I quickly devoured everything that came out after that – Beauty Queens, with its teen pageant queens, desert islands, and broad political satire – and The Diviners, a creepy 1920s-set tale of a flighty young flapper whose latent psychic abilities put her in the path of a very scary serial killer. Bray has this amazing ability to write in a variety of styles, from the straight Gothic horror of the Gemma Doyle books, to the over-the-top silliness of Beauty Queens, to the silly on the surface but poignant beneath story of Going Bovine, and I love her for it.
She is also, appropriately to the opening of this post, deeply feminist and with a keen eye for social justice, and manages to do this (Beauty Queens and its deliberate satire aside) without beating you over the head with it. Female characters are shown tied down by the constraints of whichever era their stories take place in, but are also shown rising above these constraints and wanting more. The characters are diverse without it being a big deal – there are black and Asian and Hispanic and gay characters in equal measures in all of these books and none of them are singled out as tokens – they interact with the other characters in the books in the same ways they would in real life.
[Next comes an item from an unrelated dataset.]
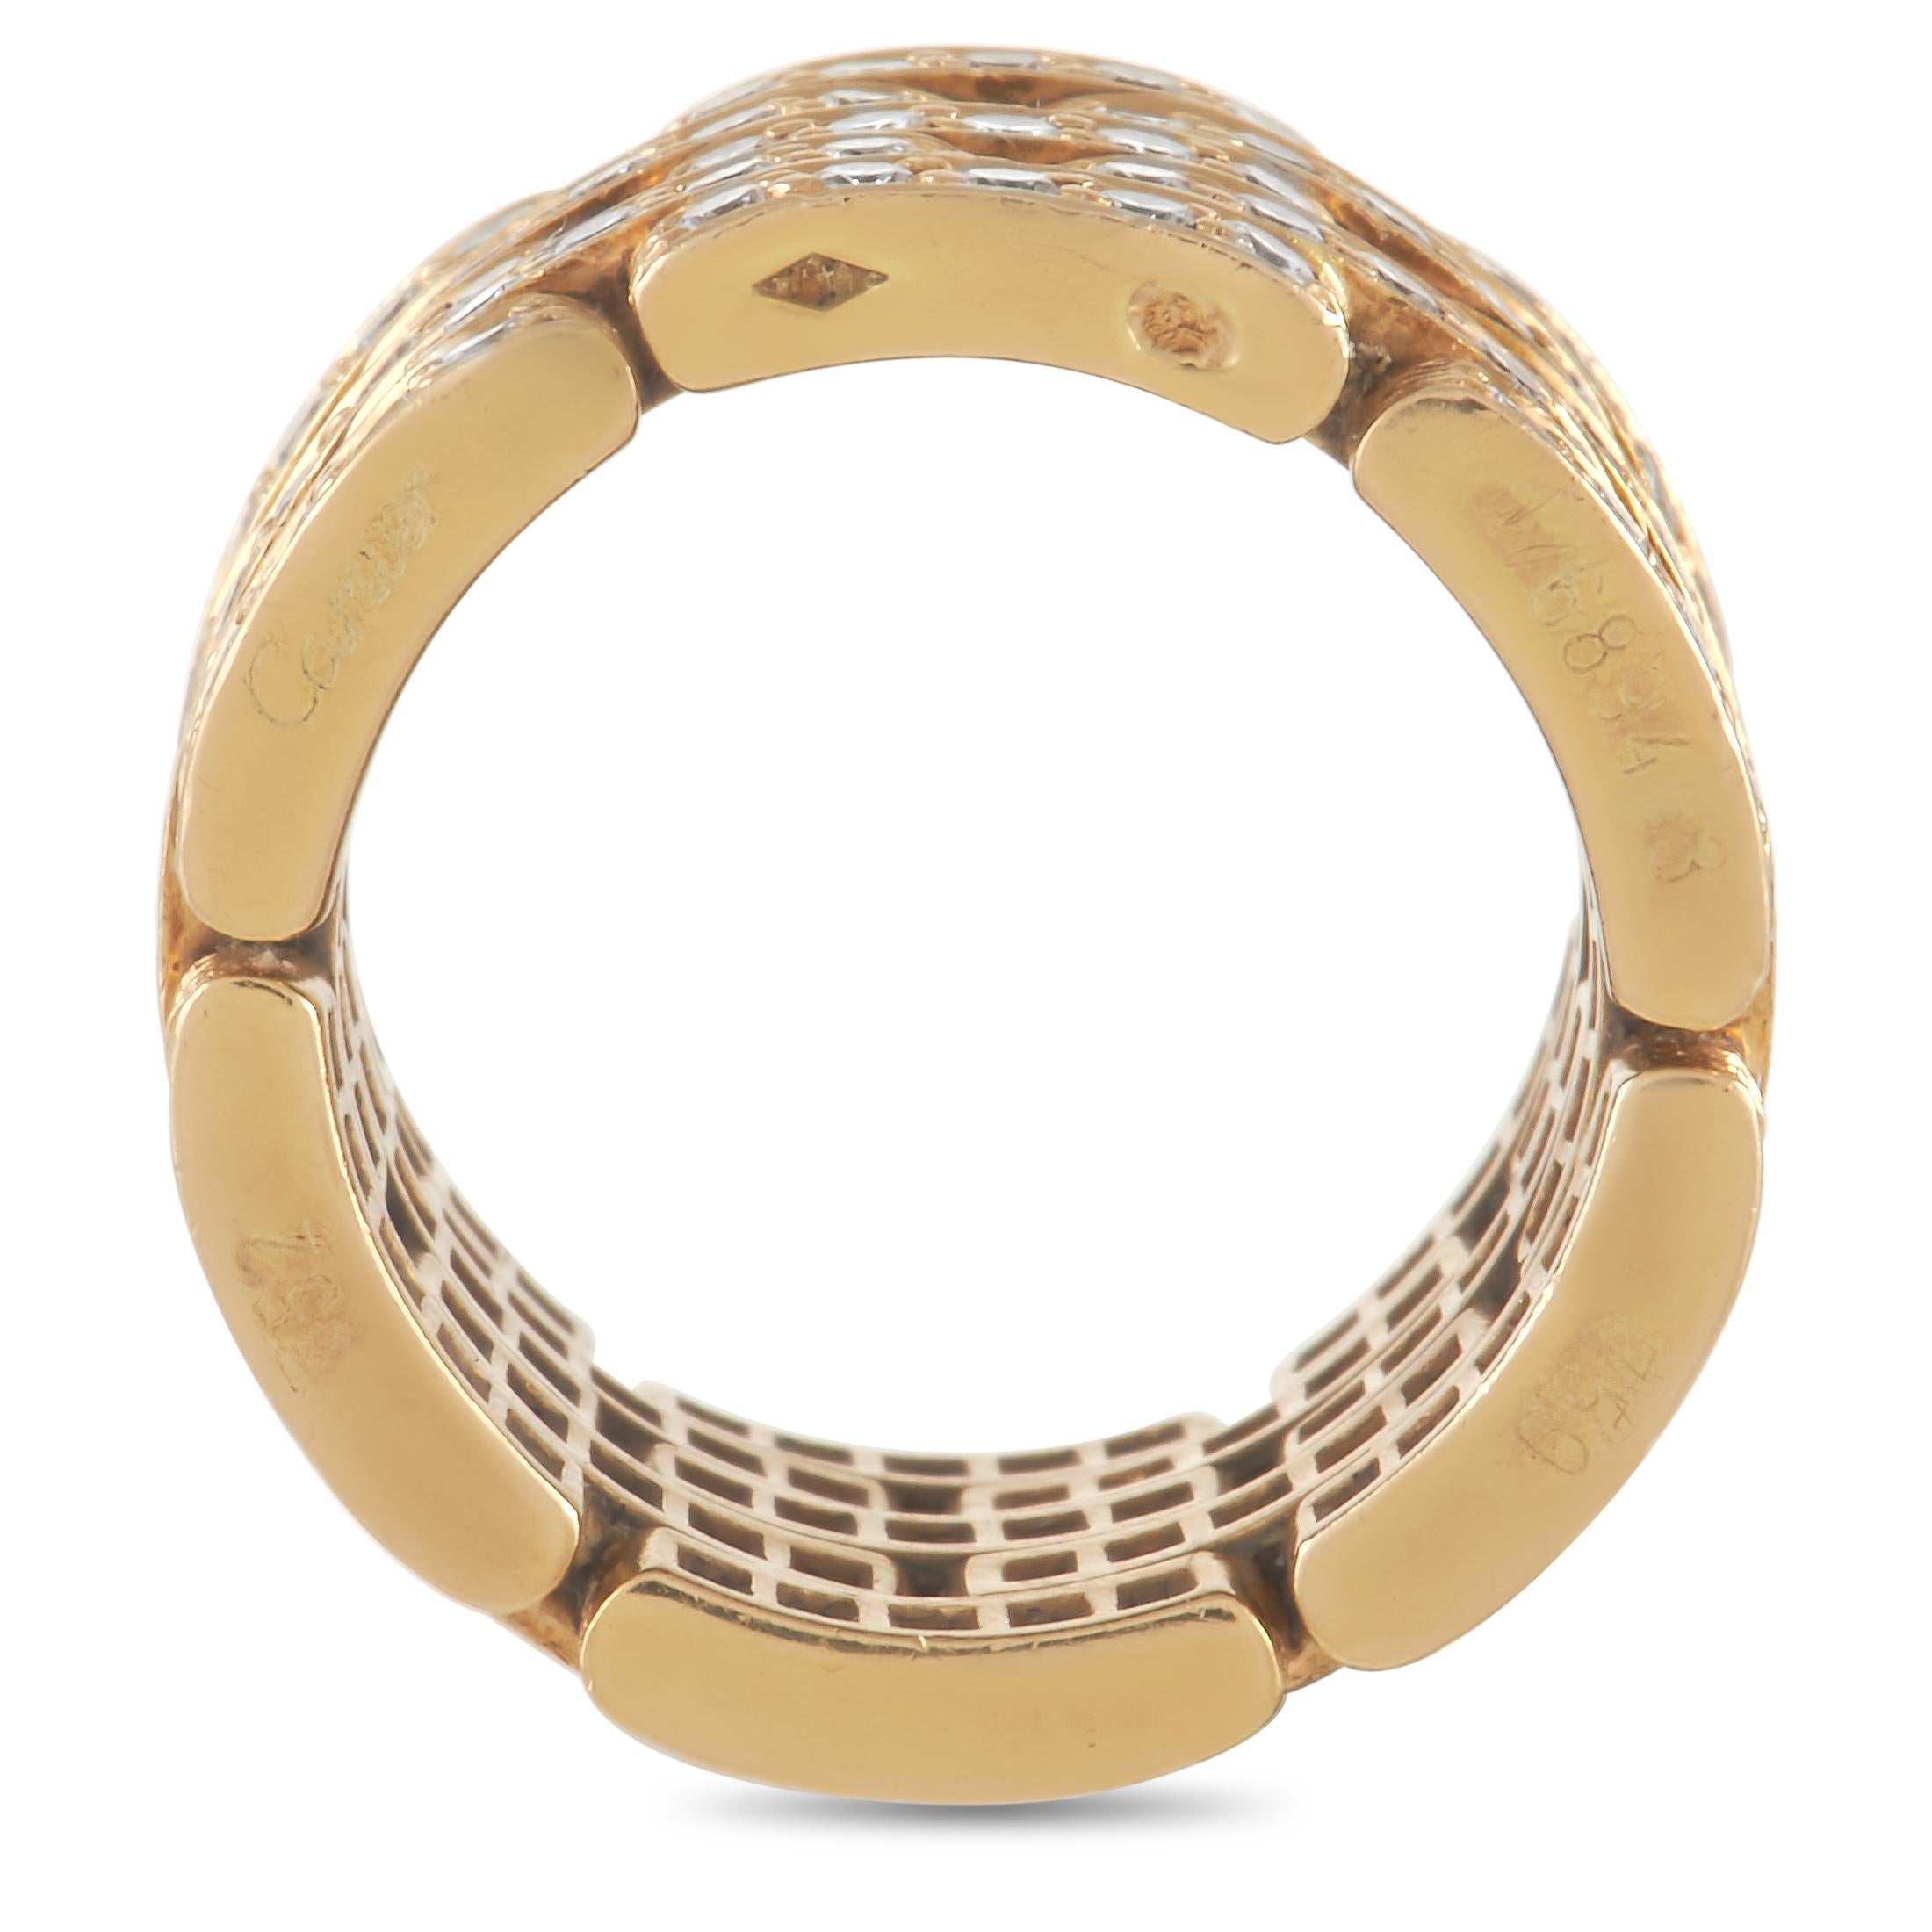 This impeccably crafted Cartier Maillon de Panthère ring is a luxury piece that will elevate any jewelry collection. The dynamic 18K yellow gold setting only elevates the beauty of this piece’s shimmering diamonds, which feature E color, VVS
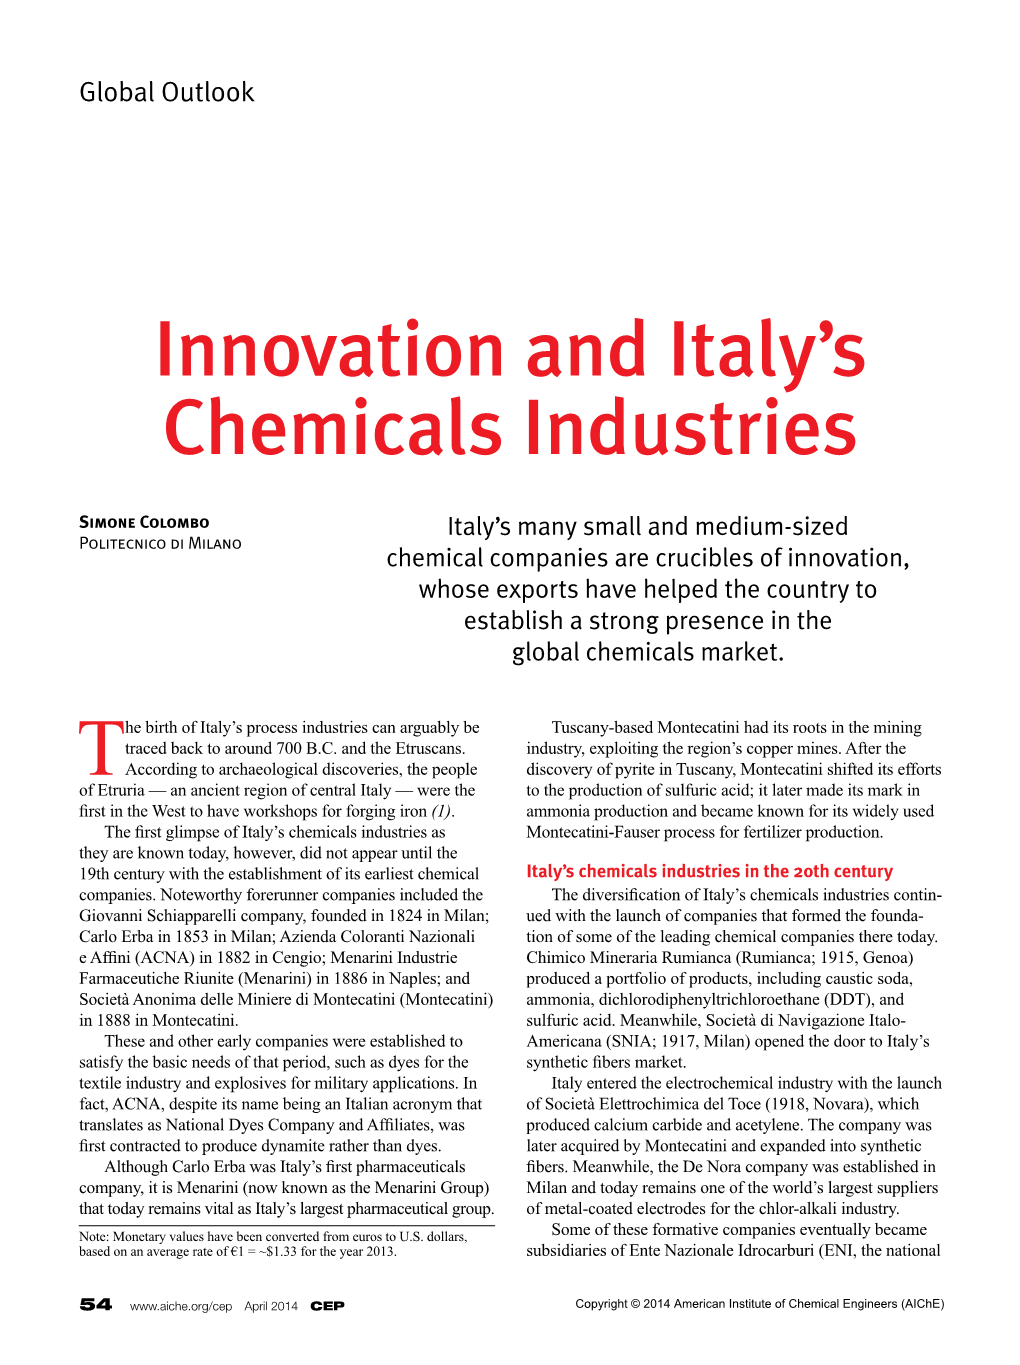 Innovation and Italy's Chemicals Industries

And all of this is wonderful, but the thing that won me over to Team Libba more than any of that? The main reason I’m nominating this woman for honorary inclusion in our esteemed ranks? It’s her blog.That last entry I linked particularly gets to me – I’ll wait if you want to go read it. La, la, la. Okay, are you done? Do you understand what I’m saying here? She doesn’t post as often as I’d like, but those posts are so emotional, and honest, and real, and they always make me feel like a better person for having read them. (or like the first link they are very, very, silly, but the heart of them is important and true.) She makes me want to cry and laugh, often at the same time, and her best writing, whether on the blog or on the book, stirs deep emotion in me. That’s worth holding on to.
So that’s why for me, Libba Bray is an honorary Lady of Comicazi. So go read her books, okay? Then come back and tell me what you think in the comments!